> [EXERCISE]
Transcribe exactly the lines below that begin at the line with "黔南民族医学高等专科学校分类考试招生2023年学费一览表" and stop after the line with "A 19th century mahogany Sutherland table", leaving out every picture.

> [DATA FOR PROCESSING]
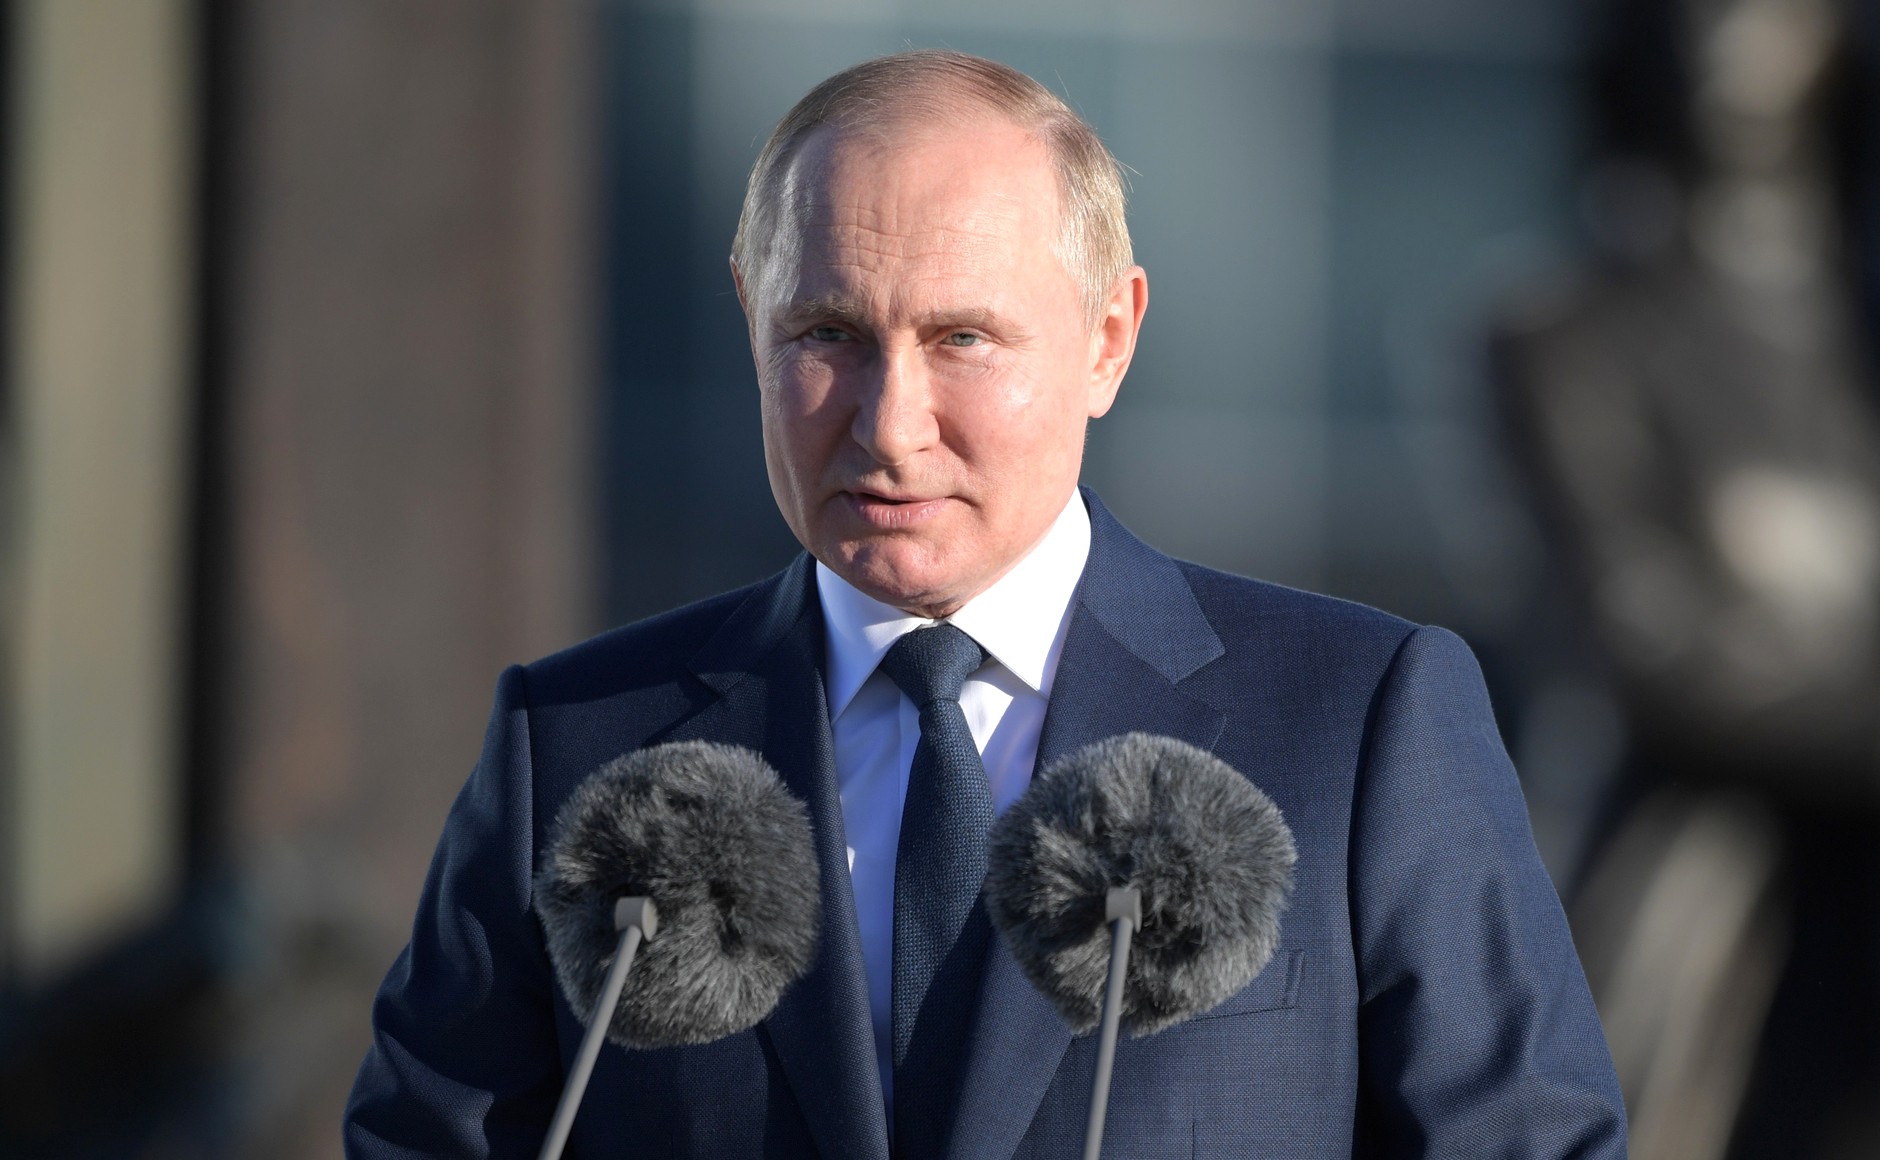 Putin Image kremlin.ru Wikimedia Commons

--

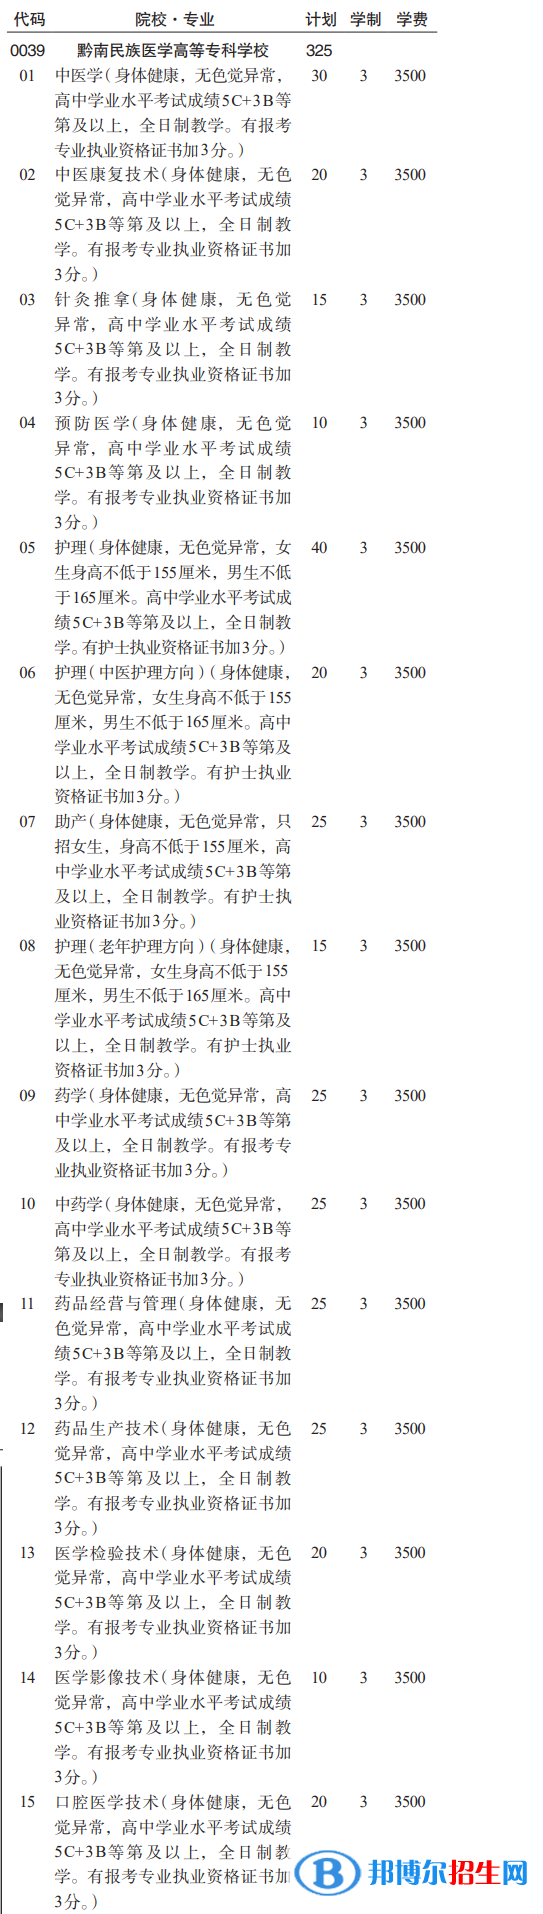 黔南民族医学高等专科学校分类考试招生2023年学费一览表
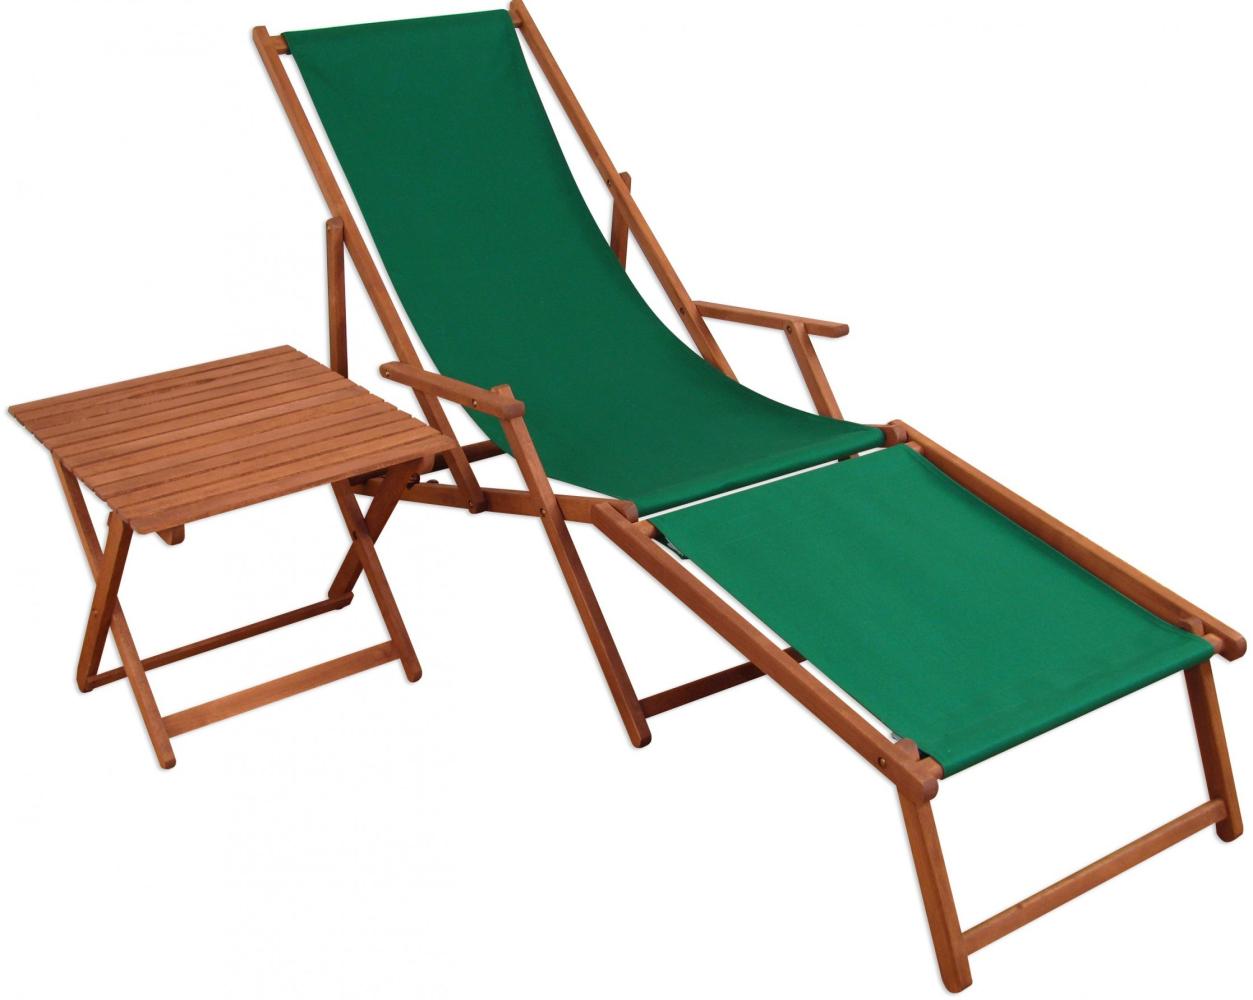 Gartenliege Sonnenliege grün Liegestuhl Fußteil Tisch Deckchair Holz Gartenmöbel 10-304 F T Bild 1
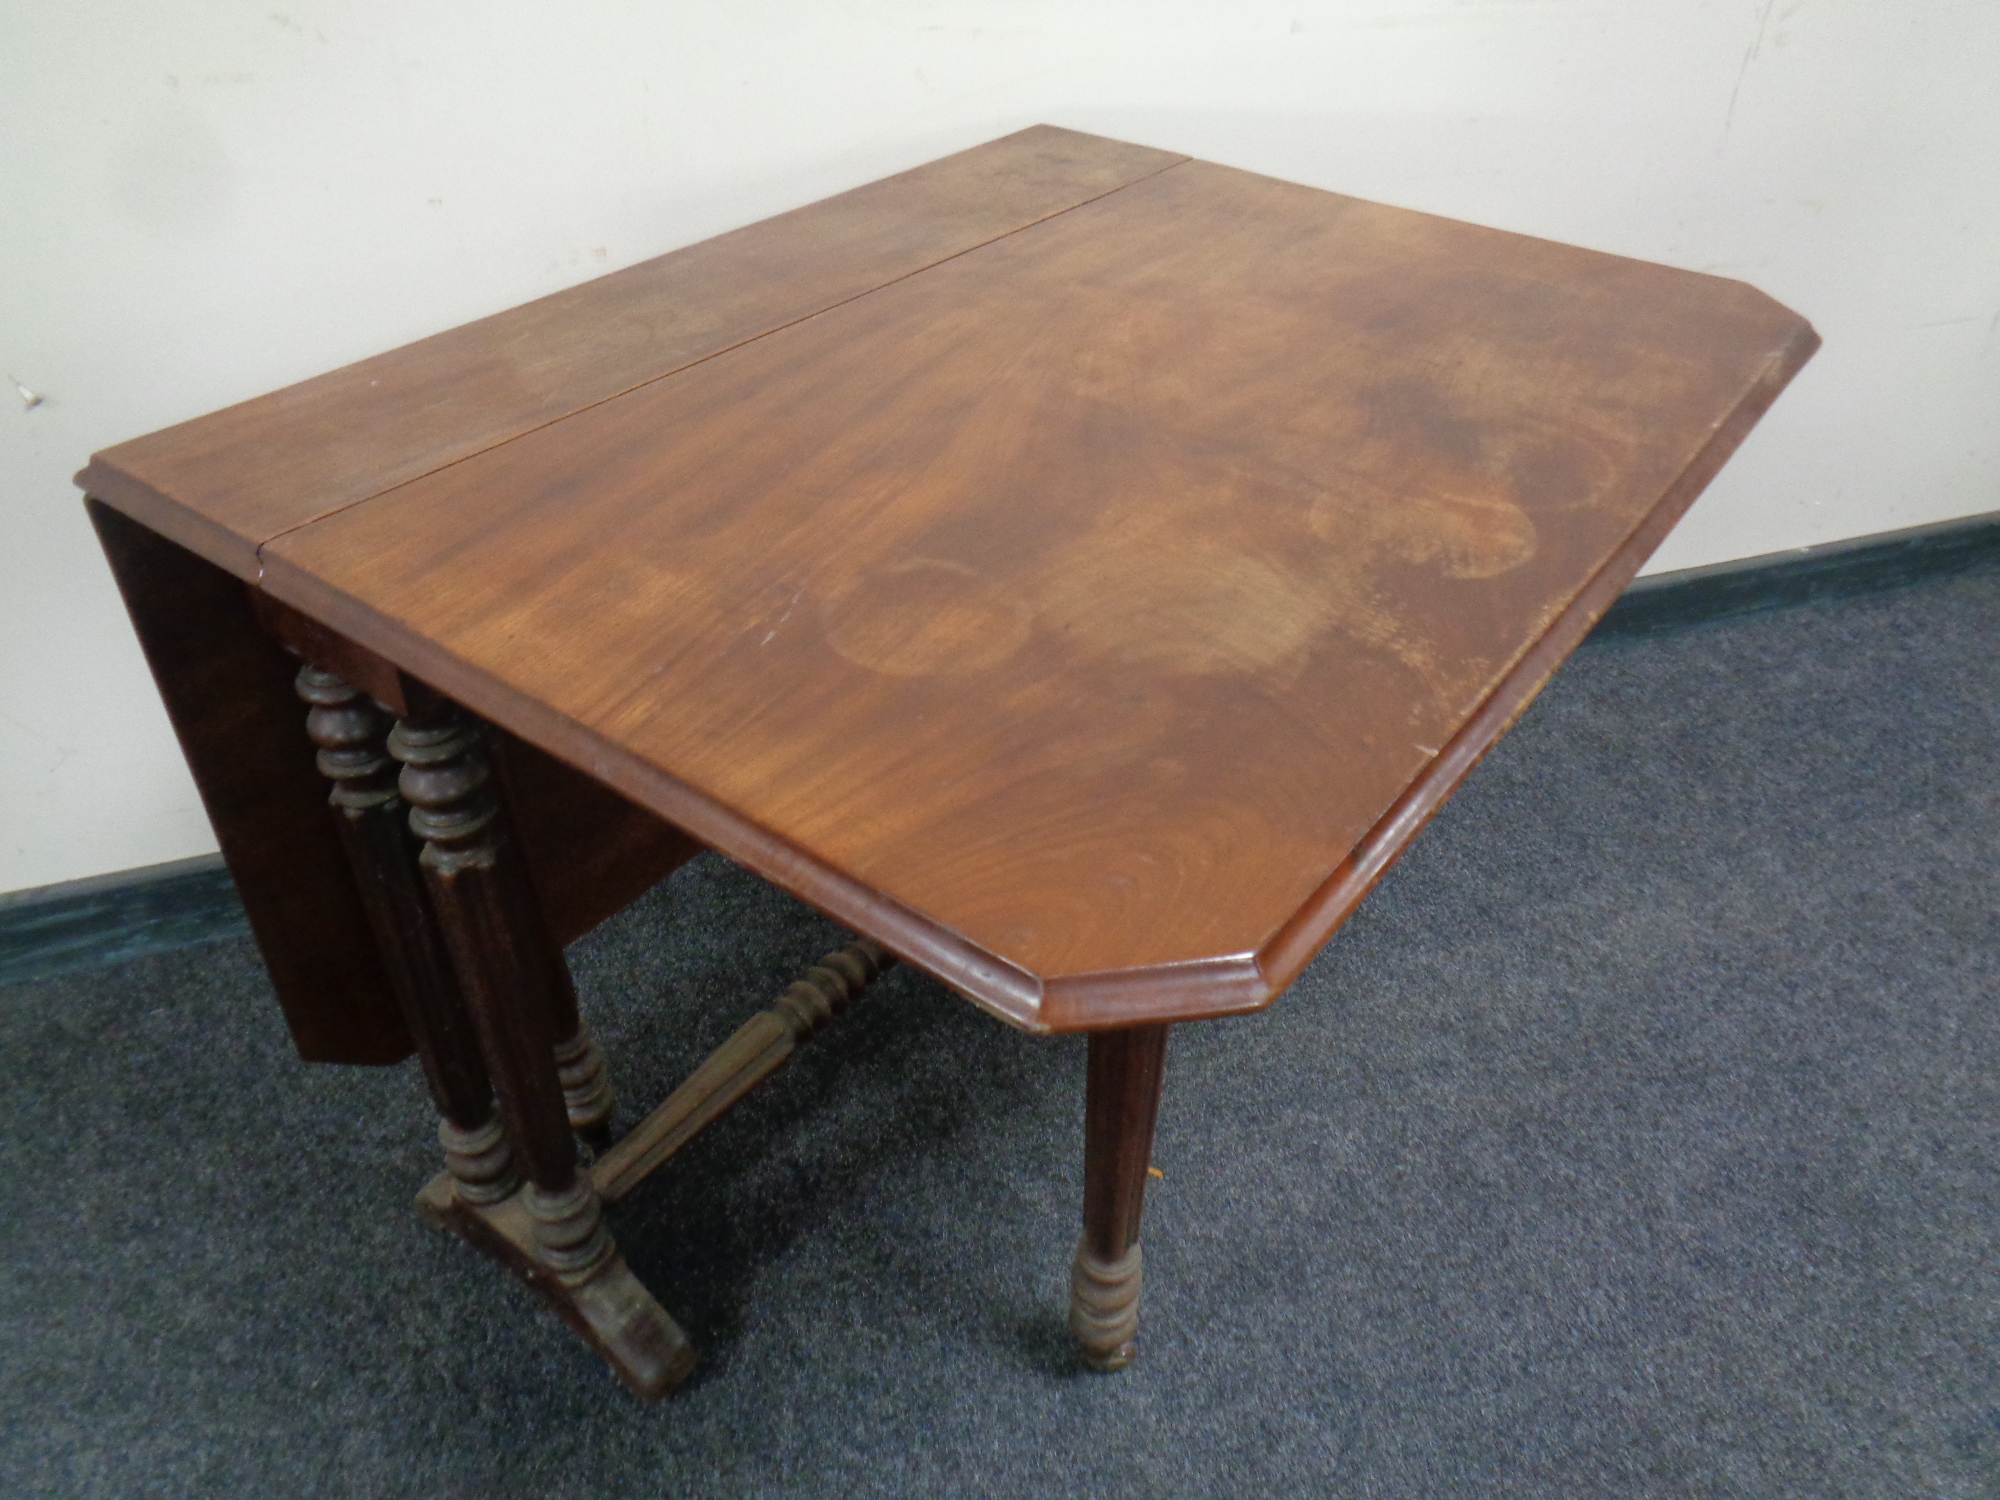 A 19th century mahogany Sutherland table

> [SOLUTION TO THIS PROBLEM]
 黔南民族医学高等专科学校分类考试招生2023年学费一览表
 Gartenliege Sonnenliege grün Liegestuhl Fußteil Tisch Deckchair Holz Gartenmöbel 10-304 F T Bild 1
 A 19th century mahogany Sutherland table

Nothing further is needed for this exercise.